Following the announcement of the resignation of Steven Becker, Mantra Group’s long serving CFO who will leave the Group at the end of August 2016, recruitment of a replacement is well progressed via an industry leading recruitment consultant considering both internal and external candidates. In the interim, Kevan Funnell, Executive Director Finance will serve as Acting CFO. Kevan has over 22 years’ experience in senior finance roles in the hospitality industry. He joined Mantra Group in March 2006 and is responsible for the management of Mantra Group’s operational finance function across of all business segments. Kevan holds a Bachelor of Business (Accounting) from the Queensland University of Technology, Brisbane and is a member of the Institute of Chartered Accountants.

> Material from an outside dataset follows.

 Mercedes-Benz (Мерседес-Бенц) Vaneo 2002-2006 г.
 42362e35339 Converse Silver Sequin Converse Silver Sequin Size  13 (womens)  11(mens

Mantra Group Chair of the Board, Peter Bush and Bob East acknowledged Steven’s significant contribution and commitment to the growth and development of Mantra Group over the past 10 years and also wished him well in his new role.
East said: “In the year ahead Mantra Group is well positioned to capitalise on growth and development via asset and investment opportunities in strategically aligned locations and properties and take advantage of its ongoing strong acquisition pipeline and the forecast growth in Australia’s tourism sector.”